I'm thinking about building a small testing application in hadoop to get the hang of the system.
The application I have in mind will be in the realm of doing statistics.
I want to have "The 10 worst values for each key" from my reducer function (where I must assume the possibility a huge number of values for some keys).
What I have planned is that the values that go into my reducer will basically be the combination of "The actual value" and "The quality/relevance of the actual value".
Based on the relevance I "simply" want to take the 10 worst/best values and output them from the reducer.
How do I go about doing that (assuming a huge number of values for a specific key)?
Is there a way that I can sort all values BEFORE they are sent into the reducer (and simply stop reading the input when I have read the first 10) or must this be done differently?
Can someone here point me to a piece of example code I can have a look at?
Update: I found two interesting Jira issues HADOOP-485 and HADOOP-686.
Anyone has a code fragment on how to use this in the Hadoop 0.20 API?
Sounds definitively like a SecondarySortProblem. Take a look into "Hadoop: The definitive guide", if you like to. It's from O'Reilly. You can also access it online. There they describe a pretty good implementation.
I implemented it by myself too. Basically it works this way:
The partitioner will care for all the key-value-pairs with the same key going to one single reducer. Nothing special here.

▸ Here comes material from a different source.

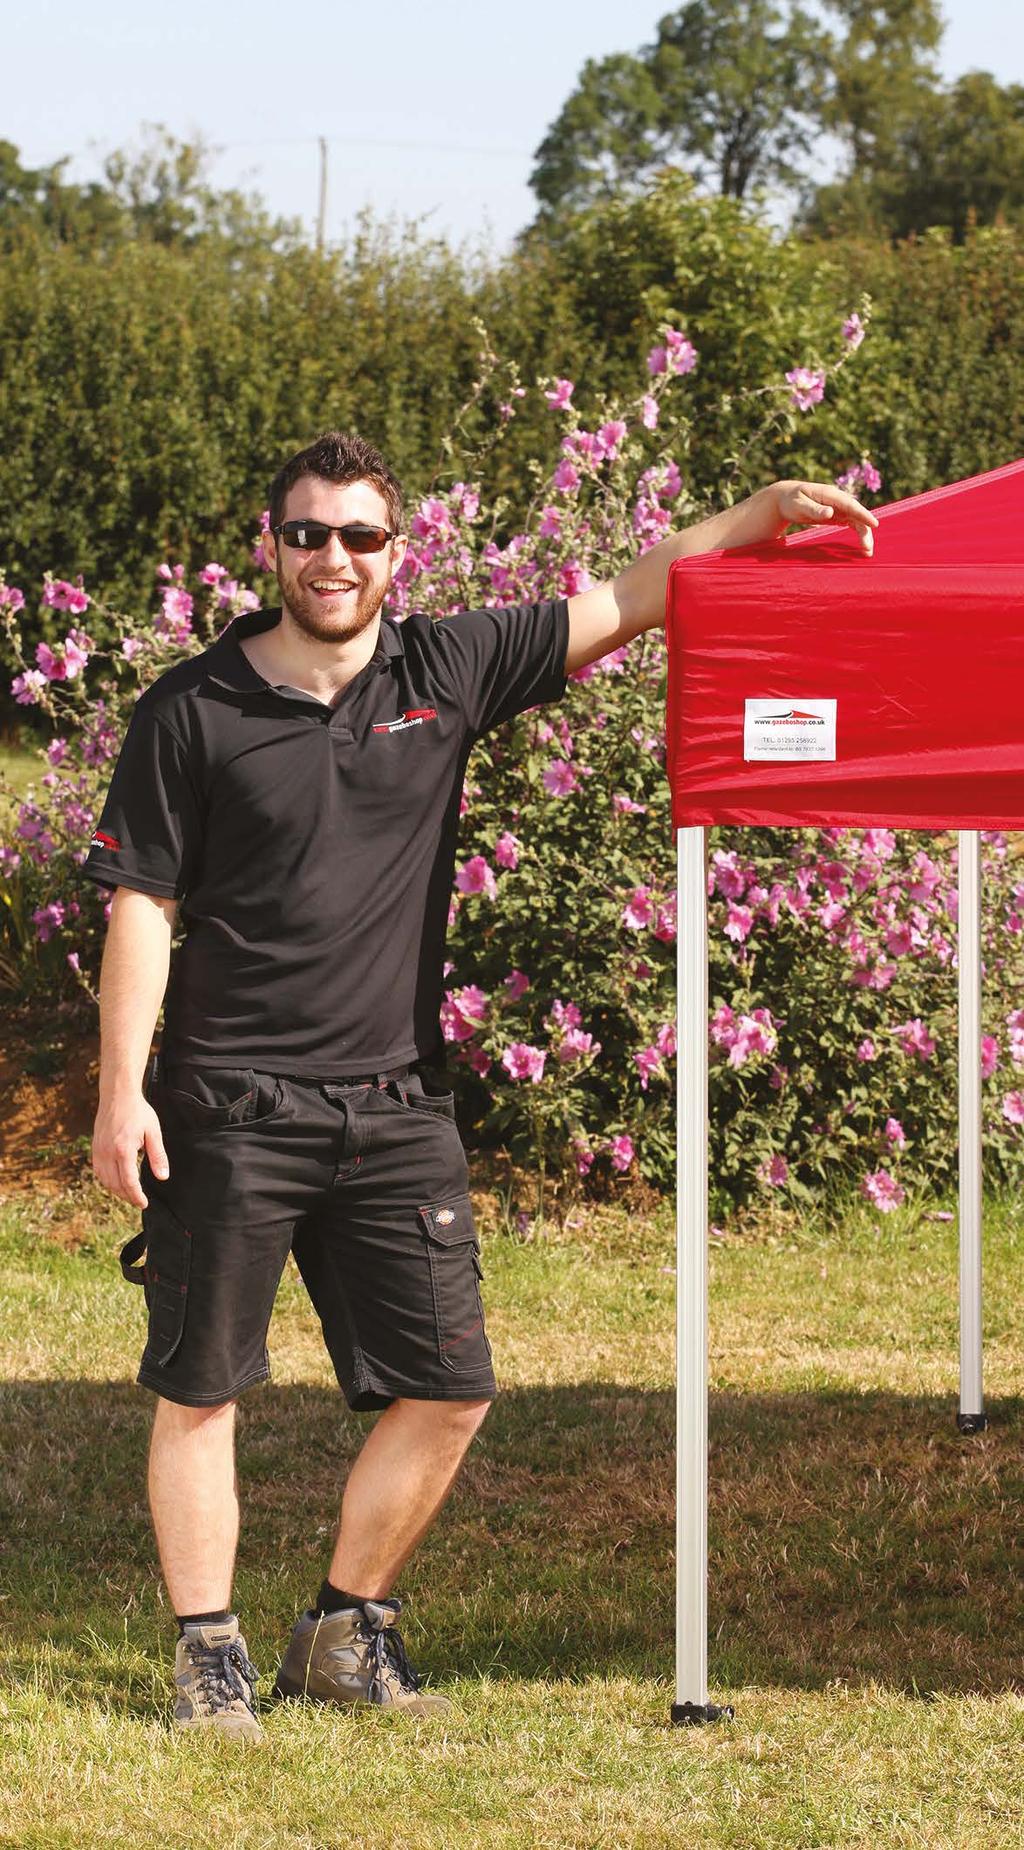 So whether you require a heavy duty, commercial grade pop up gazebo or a lightweight, portable instant shelter we are here to help you find a solution to suit your requirements.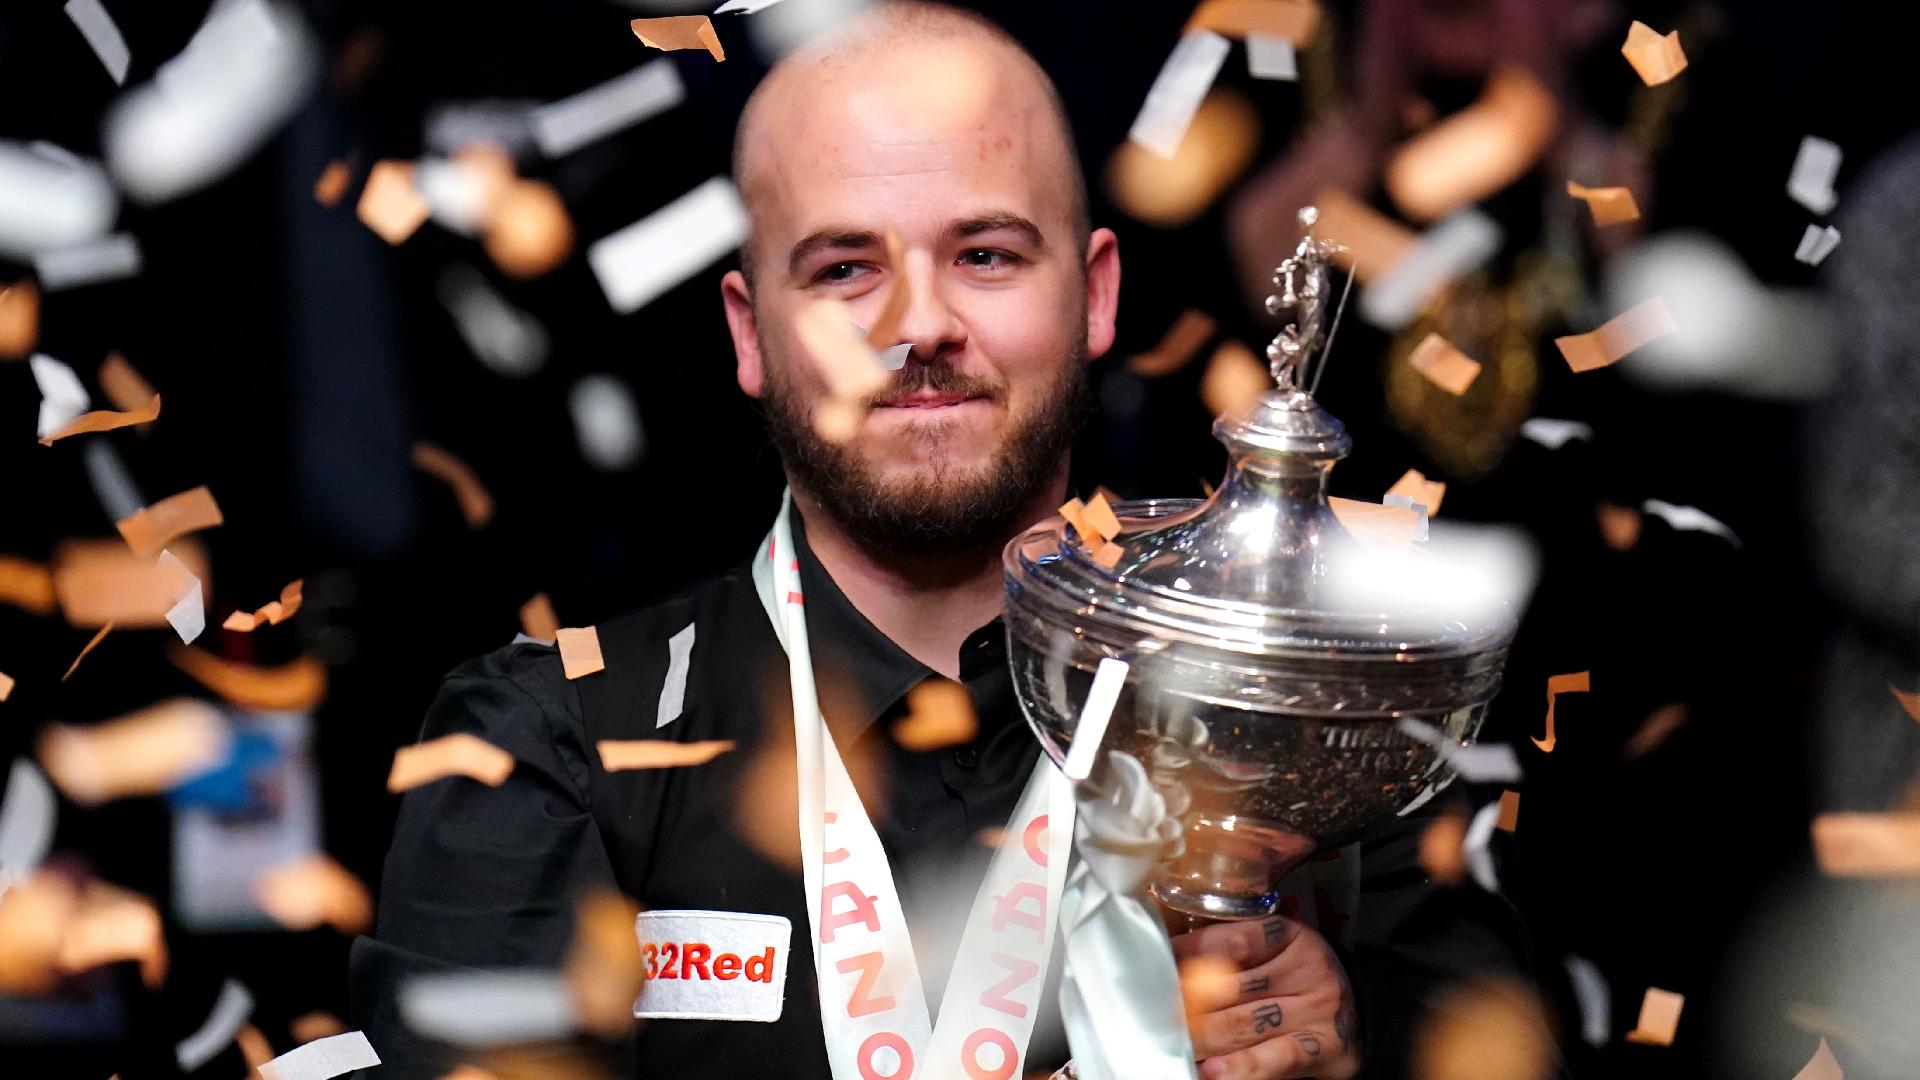 World Snooker Championship final 2023 LIVE RESULTS: Brecel BEATS Selby  18-15 to win maiden world championship - updates

But there is also the GroupingComparator, that will form groupings. One group is actually passed as an iterator to one reduce()-call. So a Partition can contain multiple groupings. But the amount of partitions should be equal the number of reducers. But the grouping also allows to do some sorting as it implements a compareTo-method.
With this method, you can control, that the 10 best/worst/highest/lowest however keys will reach the reducer first. So after you read these 10 keys, you can leave the reduce method without any further iterations.
Hope that was helpful :-)
It sounds like you want to use a Combiner, which defines what to do with the values your create on the Map side before they are sent to the Reducer, but after they are grouped by key.
The combiner is often set to just be the reducer class (so you reduce on the map side, and then again on the reduce side).
Take a look at how the wordCount example uses the combiner to pre-compute partial counts:
http://wiki.apache.org/hadoop/WordCount
Update
Here's what I have in mind for your problem; it's possible I misunderstood what you are trying to do, though.
Every mapper emits <key, {score, data}> pairs.
The combiner gets a partial set of these pairs: <key, [set of {score, data}> and does a local sort (still on the mapper nodes), and outputs <key, [sorted set of top 10 local {score, data}]> pairs.
The reducer will get <key, [set of top-10-sets]> -- all it has to do is perform the merge step of sort-merge (no sorting needed) for each of the members of the value sets, and stop merging when the first 10 values are pulled.
update 2
So, now that we know that the rank as cumilative and as a result, you can't filter the data early by using combiners, the only thing is to do what you suggested -- get a secondary sort going. You've found the right tickets; there is an example of how to do this in Hadoop 20 in src/examples/org/apache/hadoop/examples/SecondarySort.java (or, if you don't want to download the whole source tree, you can look at the example patch in https://issues.apache.org/jira/browse/HADOOP-4545 )
If I understand the question properly, you'll need to use a TotalOrderPartitioner.